Reputation: 5769
I am having a little bit of an issue with my data manipulation below... this is example code, normally each line in datas will always appear under the variable: "data"
import re
datas = """Class (EN)
Class (NA)
CLASS (AA)
CLASS-TWO (AA)
Class3-A-H (NO)"""
datas = datas.split("\n")
for data in datas:
data = data.strip()
data = re.sub(r'\s*\(\w+\)\s*$', '', data)
print data
If you run the above code the school classes are returned without the class code (the bracketed part)

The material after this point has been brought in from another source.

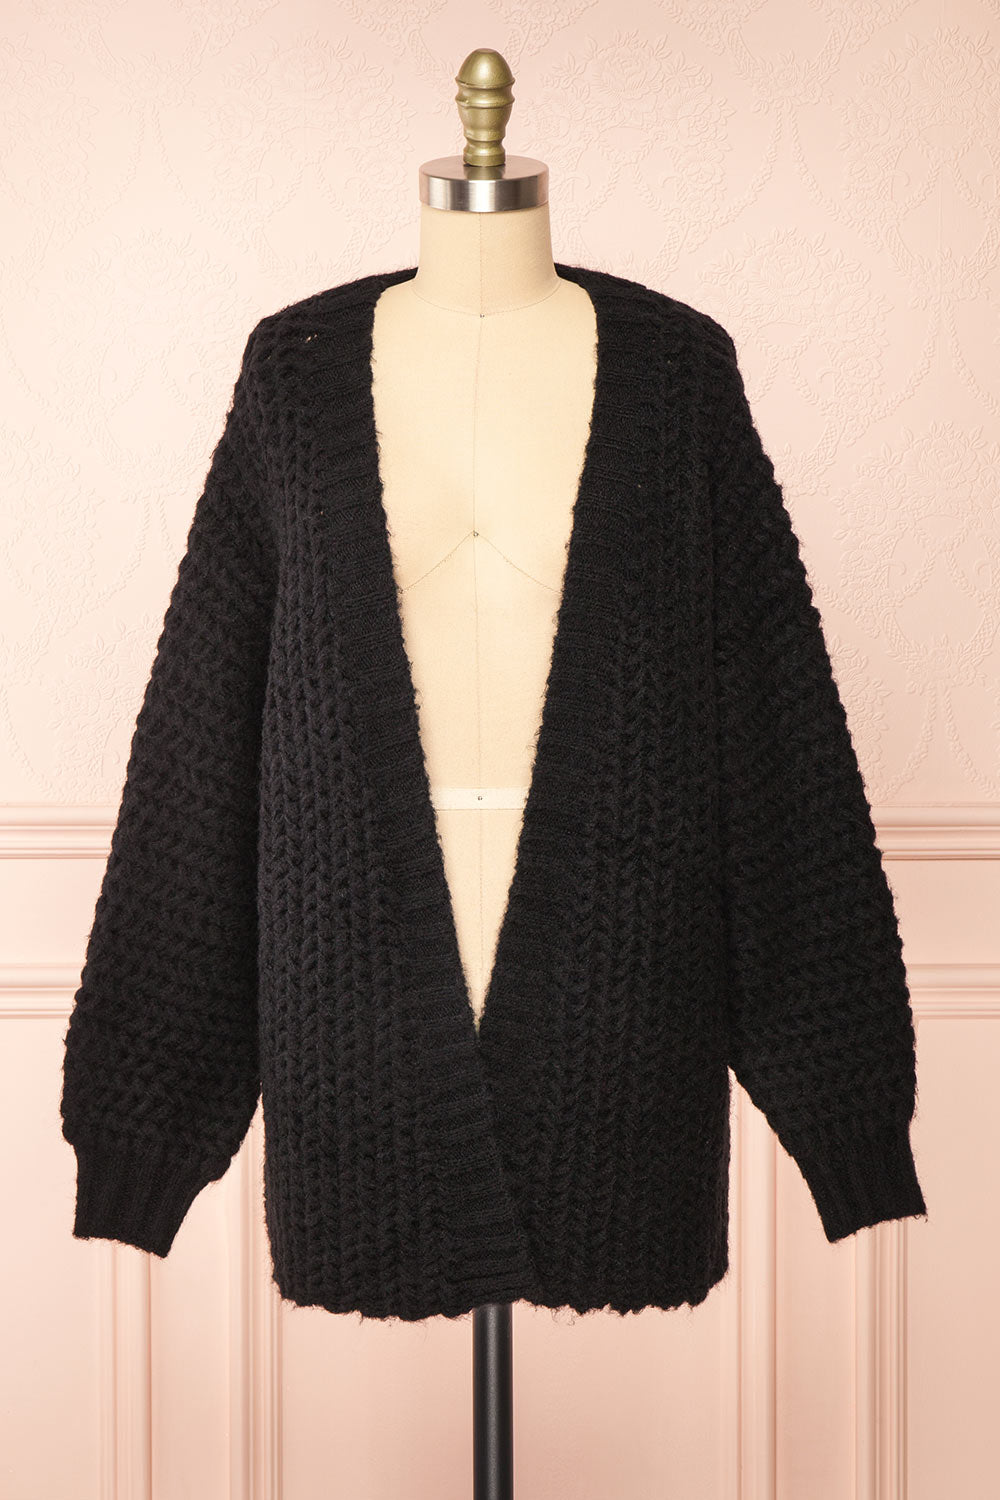 Francoise Black Knit Open-Front Cardigan | Boutique 1861 front view

However, I have a few variations which require different handling...
Example: CLASS (NA) (N/A)
should be returned: CLASS (N/A)
Example#2: CLASS (NA) (BB)
should be returned: CLASS (B/B)
(BB) is the only one what should never get removed but instead changed to (B/B)
For example the following data:
CLASS (EN)
CLASS (NA) (BB)
CLASS (AA) (N/A)
CLASS (N/A)
CLASS (BB)
Should return:
CLASS
CLASS (B/B)
CLASS (N/A)
CLASS (N/A)
CLASS (B/B)
I think this is fairly complicated and I've tried a fair few things but I honestly struggle with the regex parts
Thanks in advance - Hyflex
Upvotes: 0
Views: 91
Reputation: 2768
how about this one?
import re
datas = """Class (EN)(EL)
Class (NA)
CLASS (AA)
CLASS-TWO (AA)
Class3-A-H (NO)"""
datas = datas.split("\n")
for data in datas:
data = data.strip()
data = re.sub(r'^([^ ]+?) +.*\((.)/?(.)\) *$', r'\1 (\2/\3)', data)
print data
outcome same as question gives:
Class (E/L)
Class (N/A)
CLASS (A/A)
CLASS-TWO (A/A)
Class3-A-H (N/O)
Upvotes: 2
Reputation: 365677
The easy way to do this is in two steps.
First, sub each (BB)
to (B/B)
(which you can even do with str.replace
instead of re.sub
if you want).
Then, since (B/B)
no longer matches the pattern, your existing code already does the right thing.
So:
data = re.sub(r'\(BB\)', '(B/B)', data)
data = re.sub(r'\s*\(\w+\)\s*$', '', data)
Upvotes: 4